[INSTRUCTIONS TO FOLLOW]:
The data must be reproduced verbatim; images are to be omitted.

[THE DATA]:

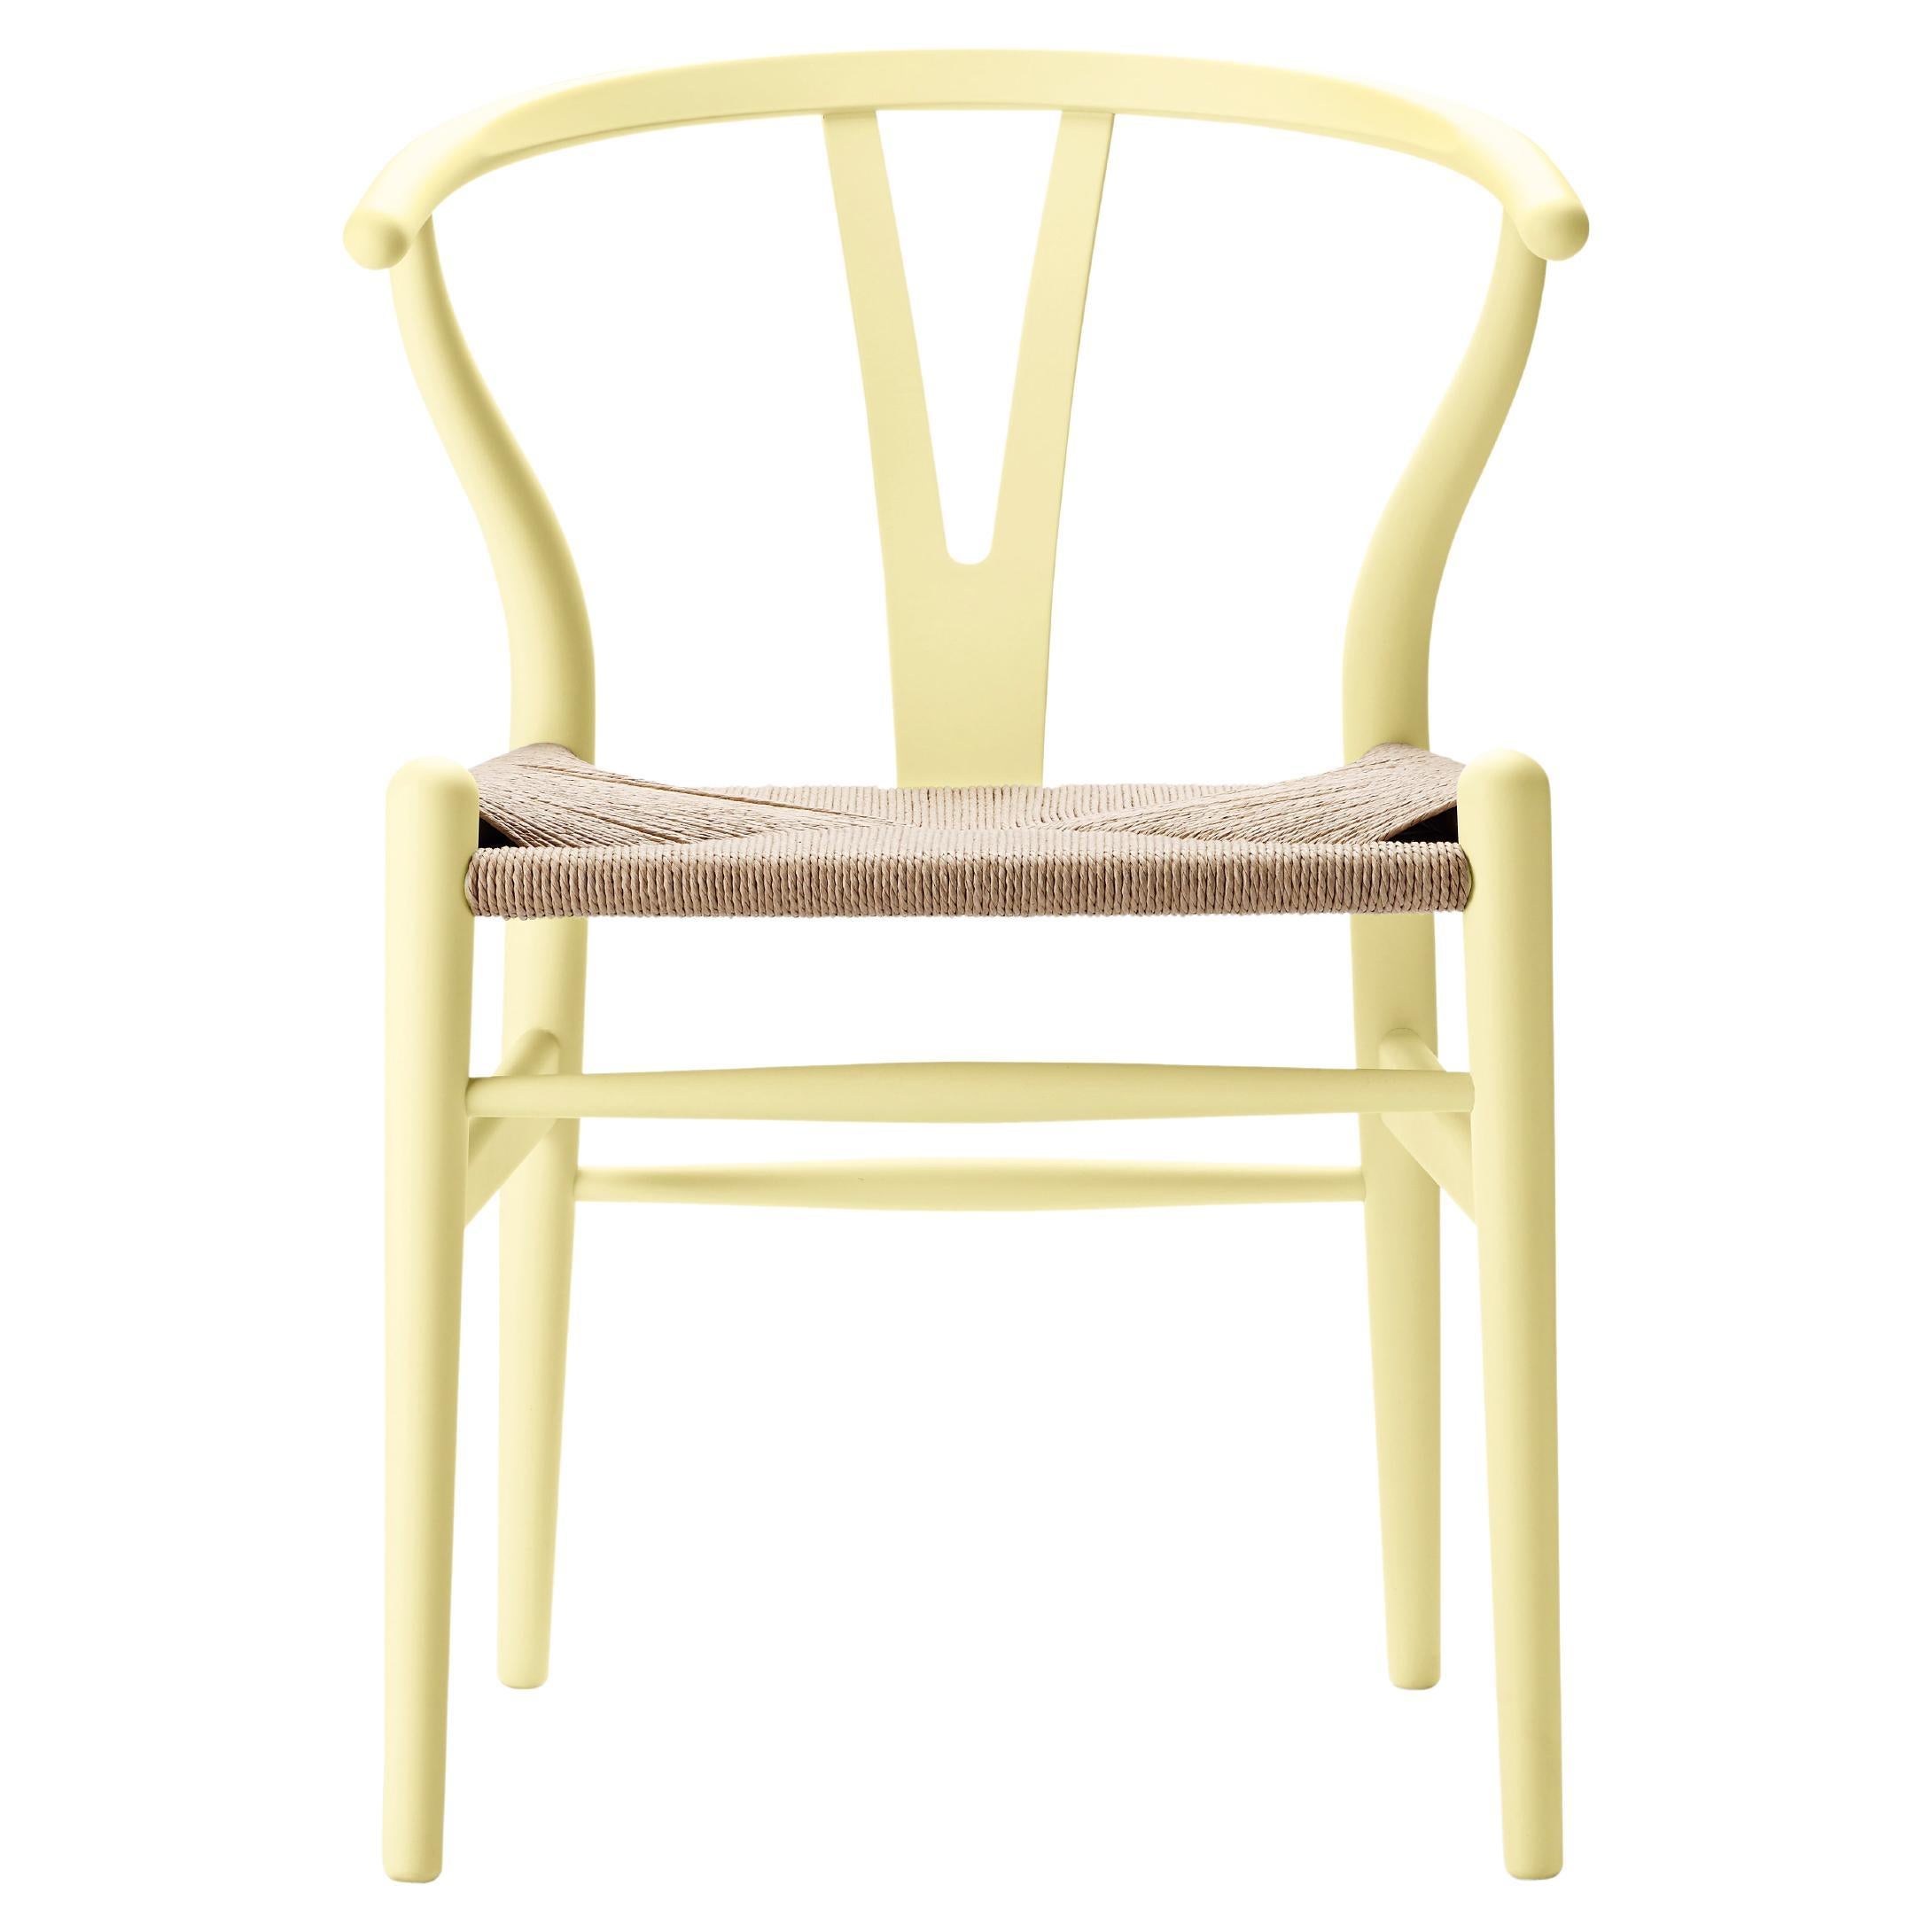 Carl Hansen CH24 Wishbone Chair, Ilse Crawford Soft Colors, Hollyhock
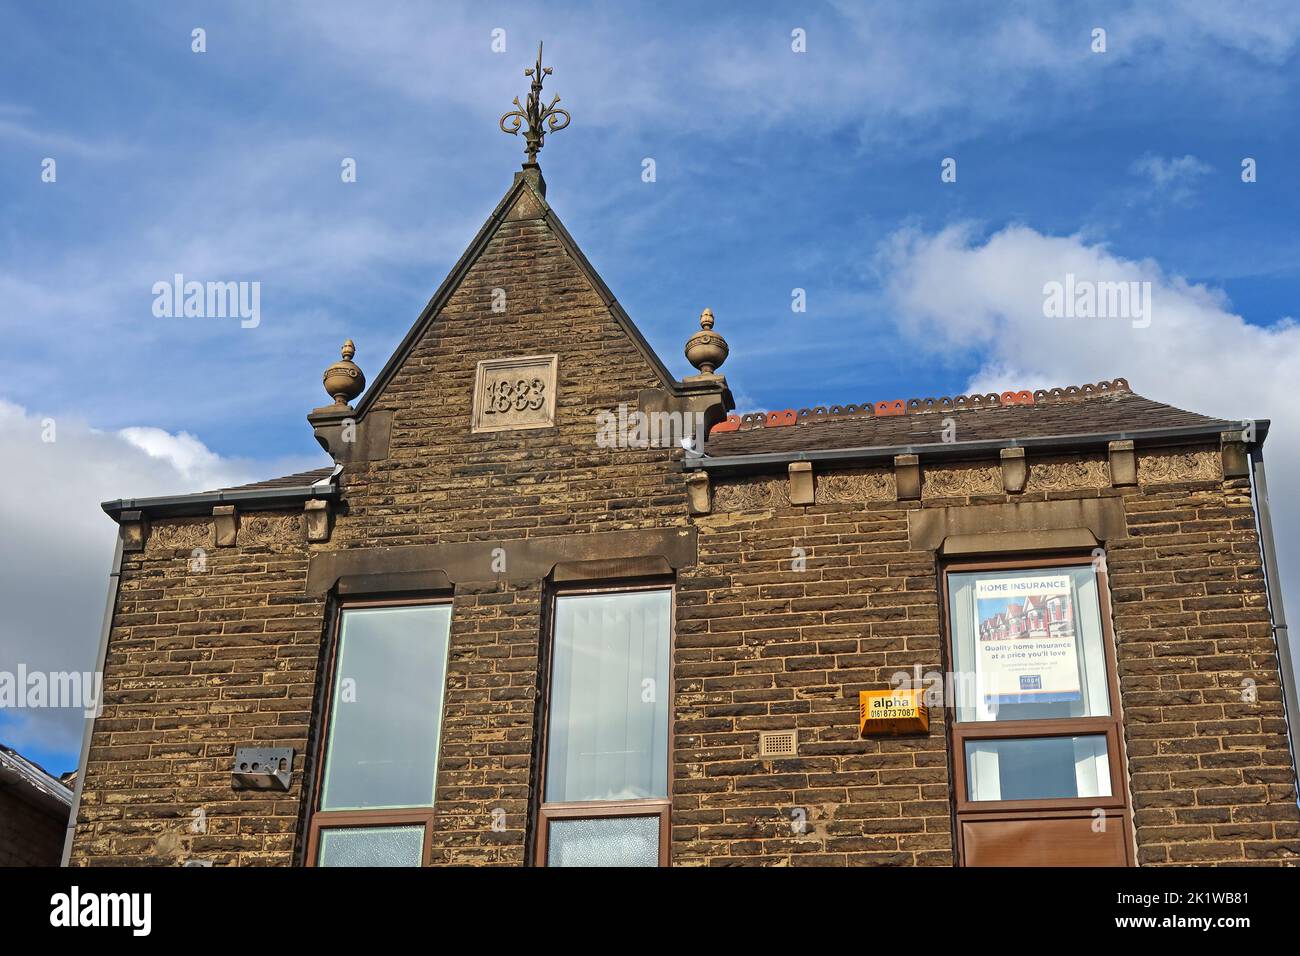 2 Howard St ,Glossop, Victorian building from 1883, High Peak, Derbys, England, UK, SK13 7DD Stock Photo
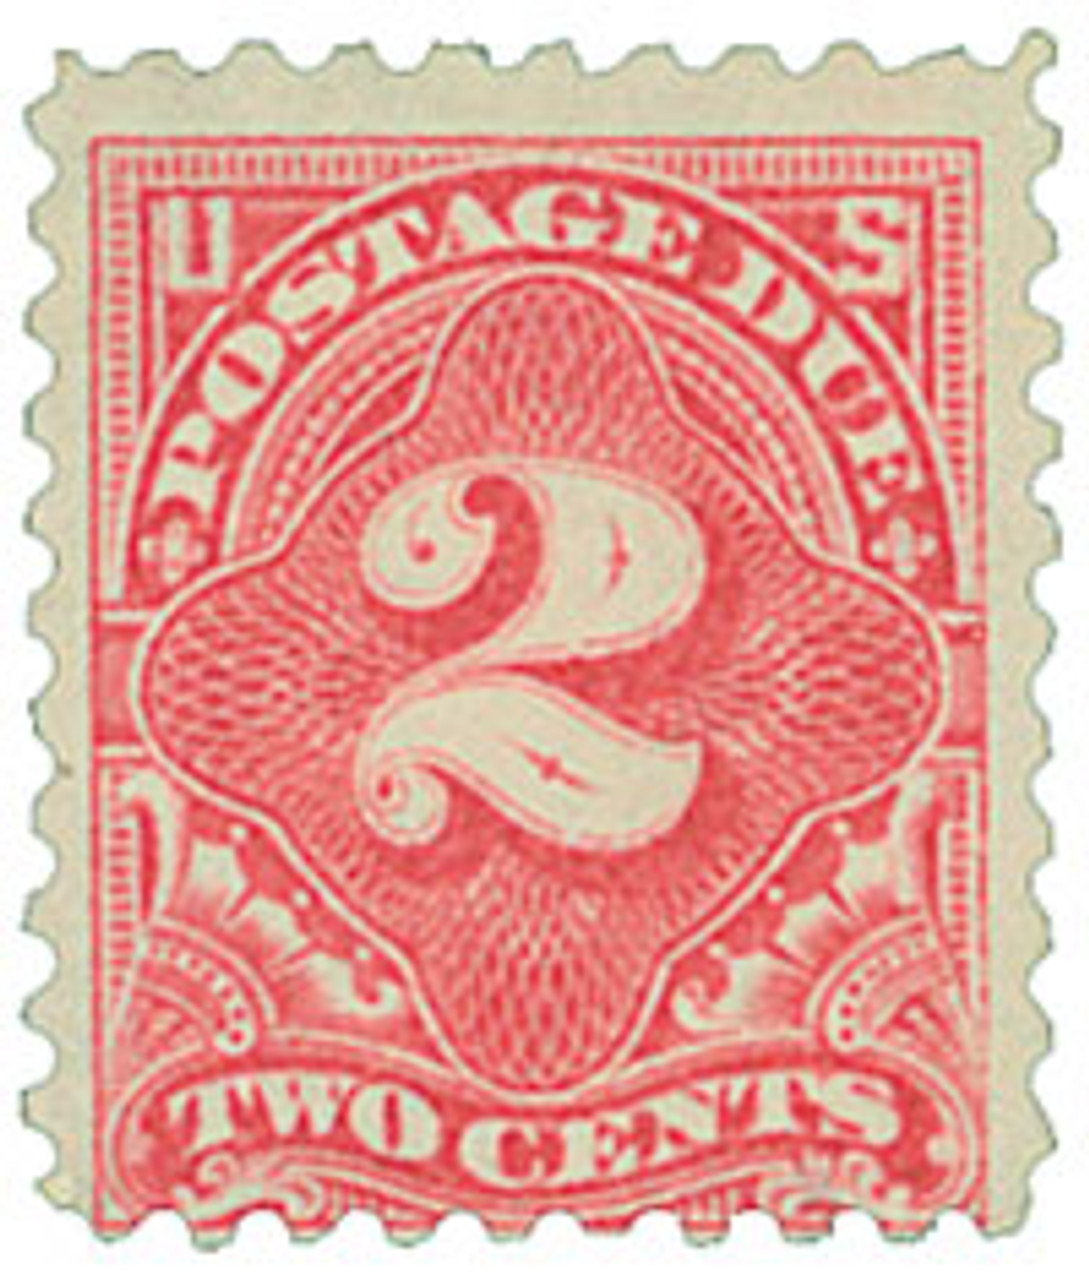 Postage stamp template …  Postage stamp art, Post stamp, Postage stamps

[PROBLEM SOLUTION]:
 Carl Hansen CH24 Wishbone Chair, Ilse Crawford Soft Colors, Hollyhock
 2 Howard St ,Glossop, Victorian building from 1883, High Peak, Derbys, England, UK, SK13 7DD Stock Photo
 Postage stamp template …  Postage stamp art, Post stamp, Postage stamps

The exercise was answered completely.